BEGIN Data

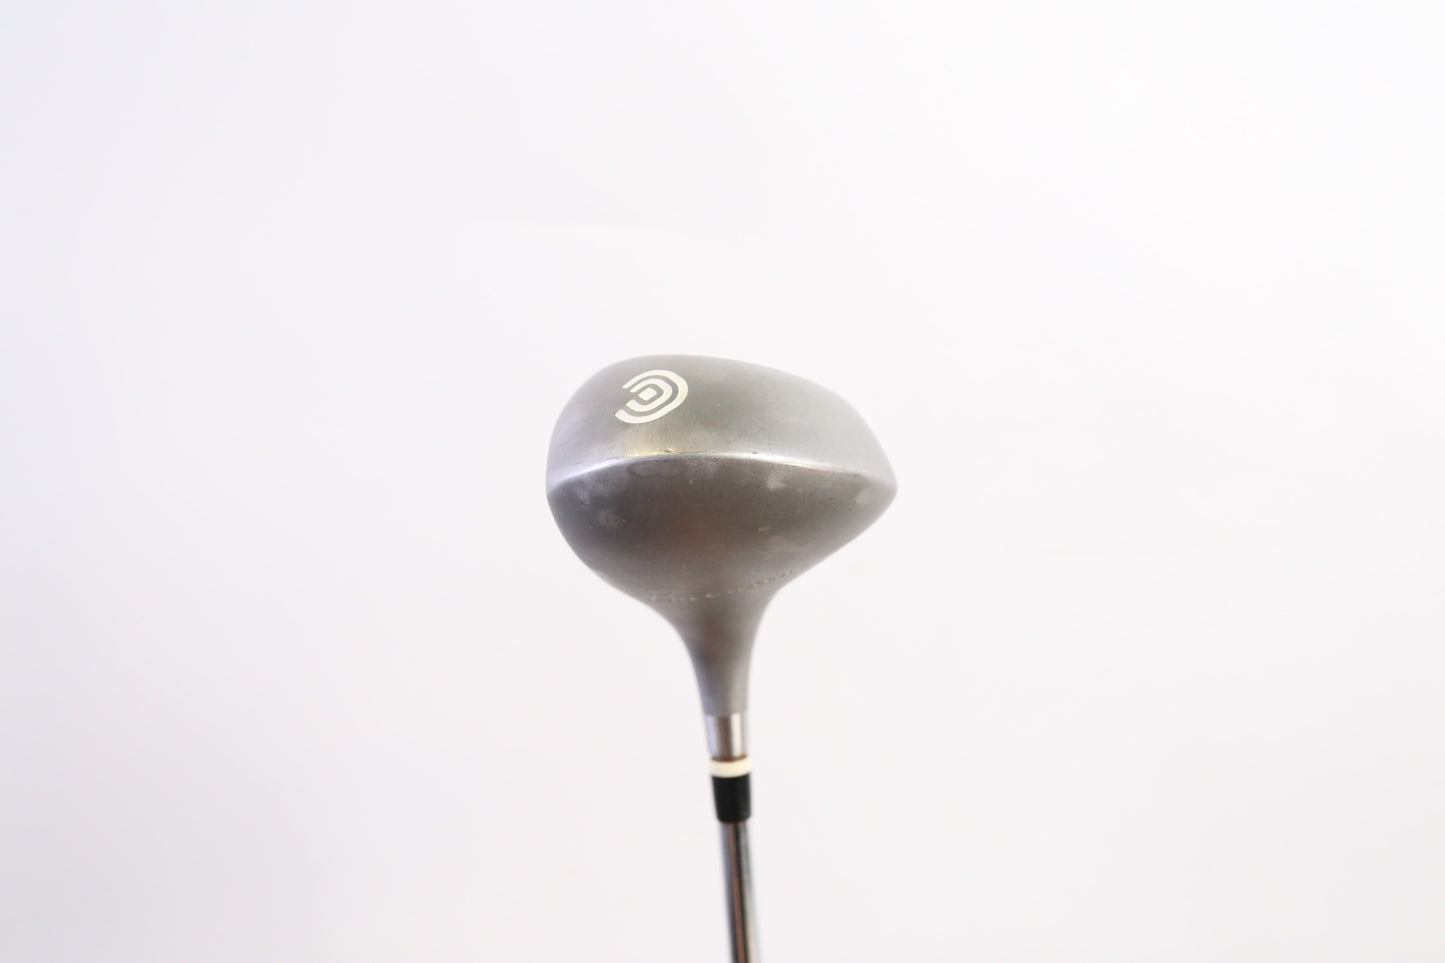 Used Cleveland Classic Collection Driver - Right-Handed - 9 Degrees - Stiff Flex
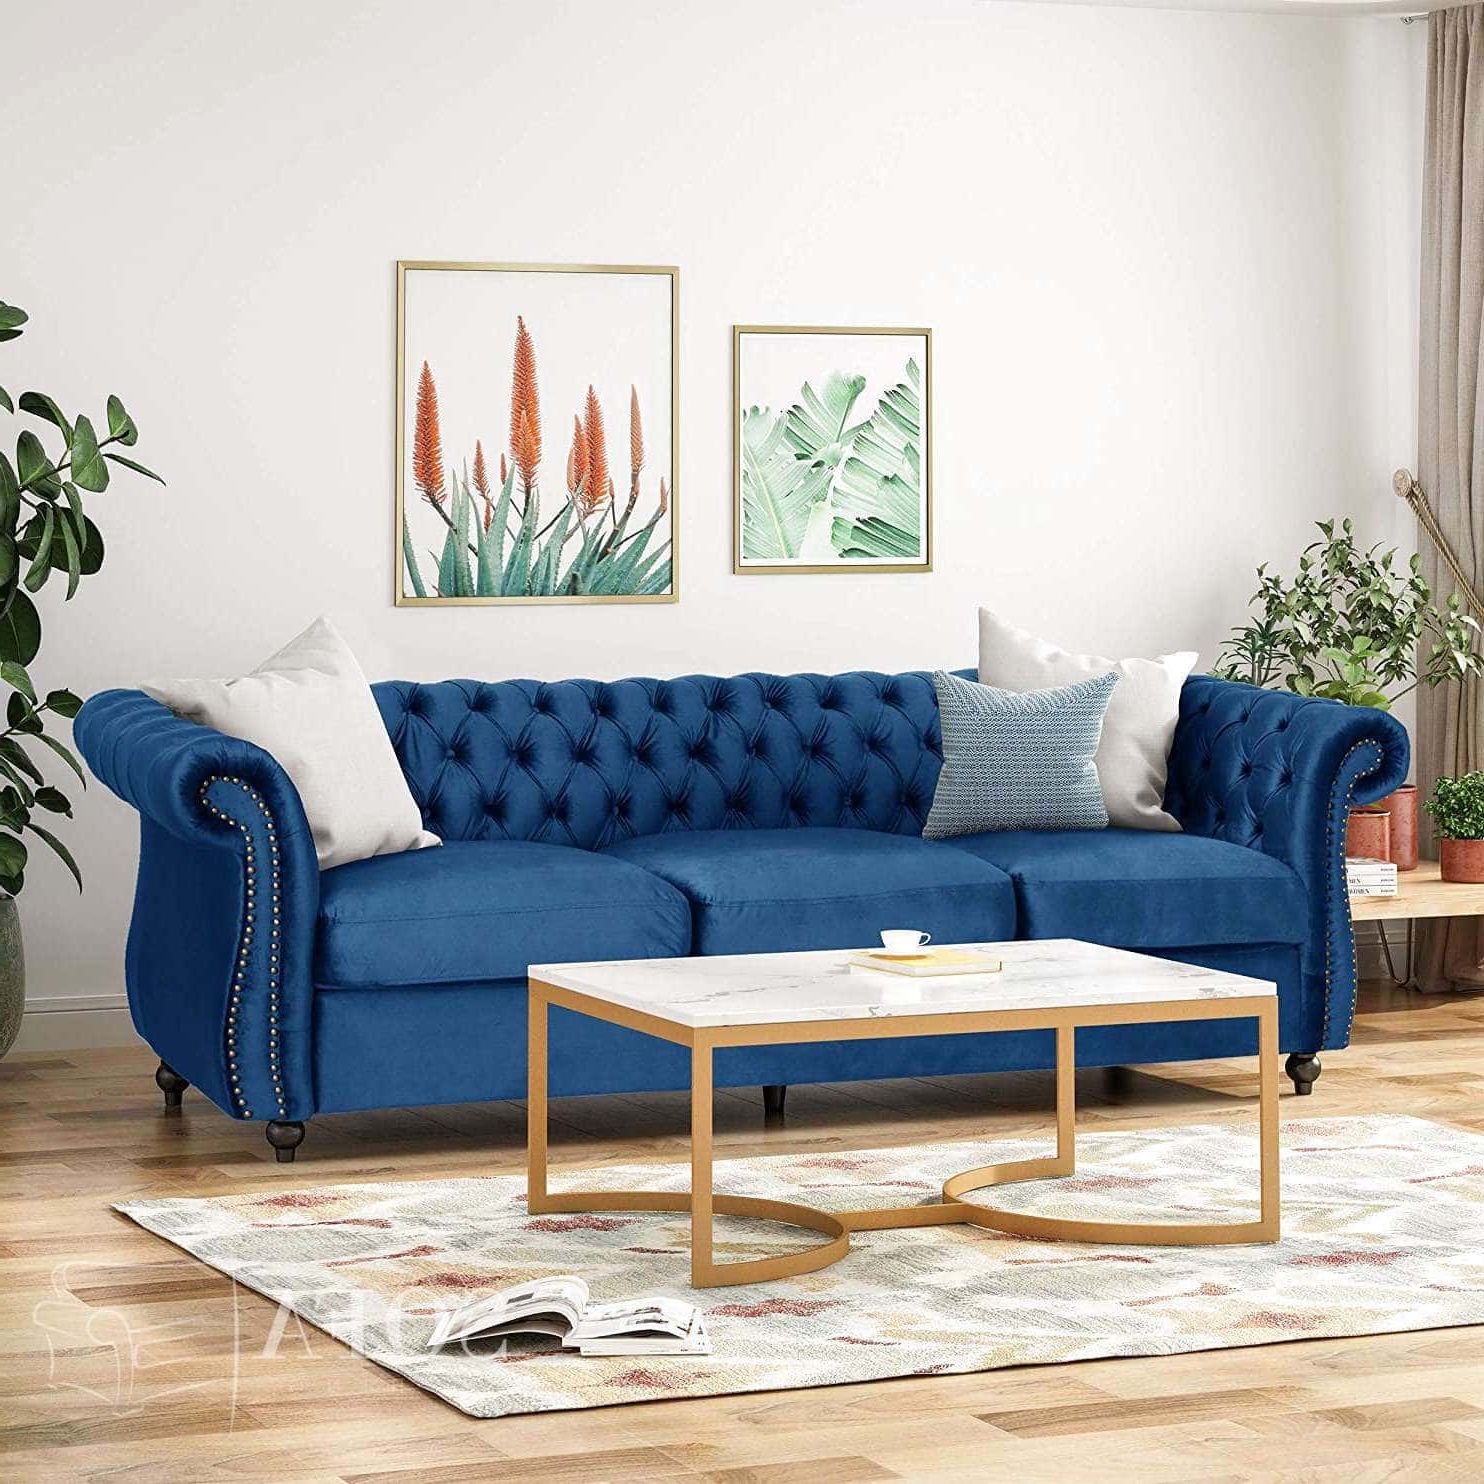 Best Dark Blue Sofas | Our Top 5 High Quality Blue Sofas With Regard To Sofas In Blue (Gallery 1 of 20)
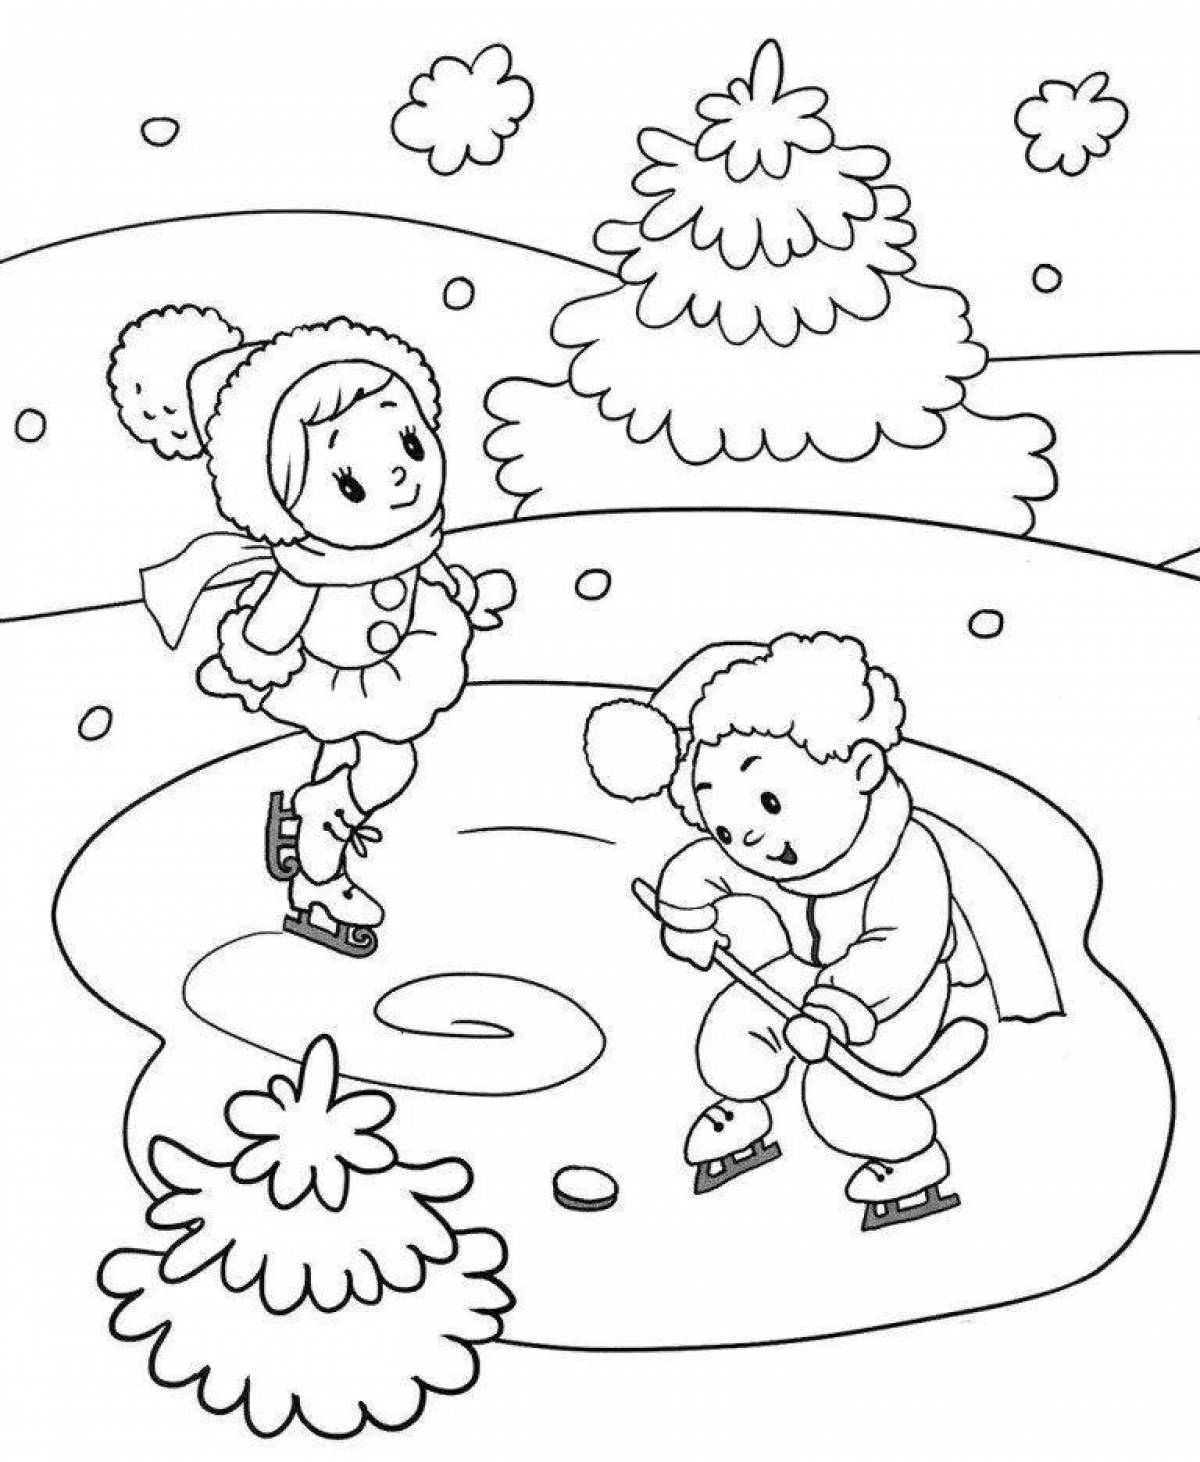 Joyful winter coloring for children 3-4 years old
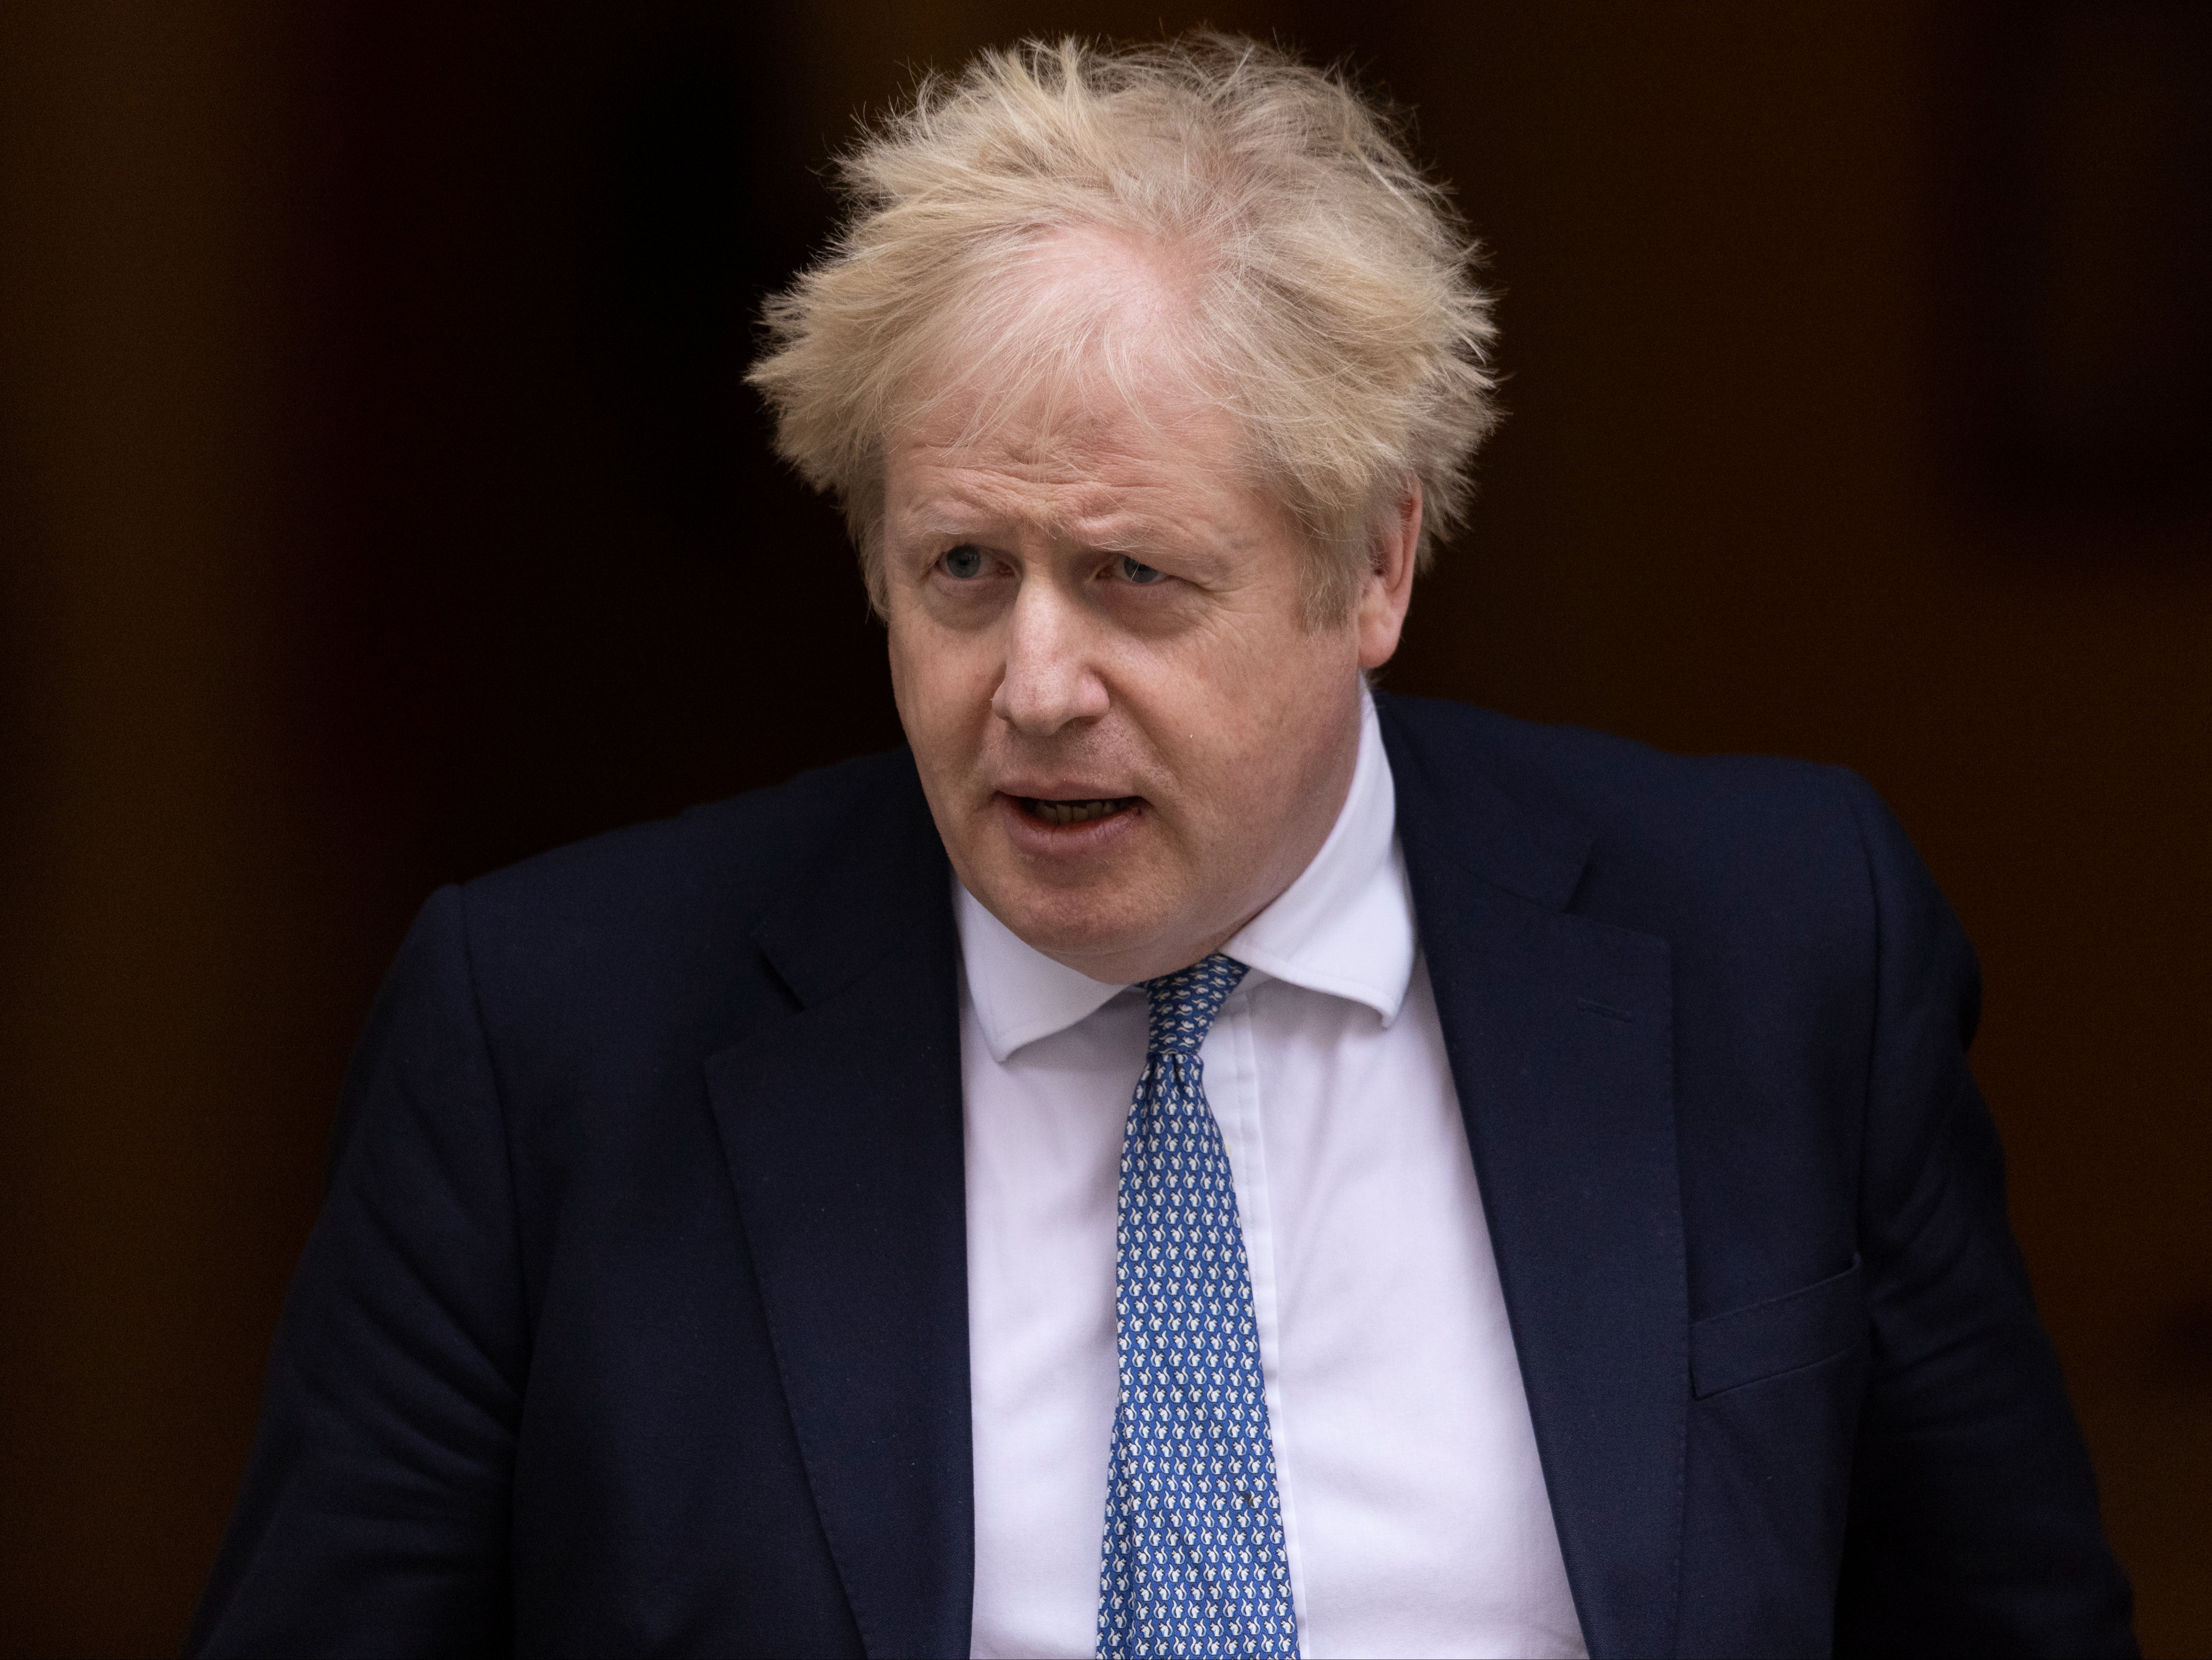 PM Boris Johnson is expected to deny any wrongdoing to police

END Data

(Task statement)
All of the data must be repeated exactly, except for the pictures.

(Task output)
 Used Cleveland Classic Collection Driver - Right-Handed - 9 Degrees - Stiff Flex
 Best Dark Blue Sofas | Our Top 5 High Quality Blue Sofas With Regard To Sofas In Blue (Gallery 1 of 20)
 Joyful winter coloring for children 3-4 years old
 PM Boris Johnson is expected to deny any wrongdoing to police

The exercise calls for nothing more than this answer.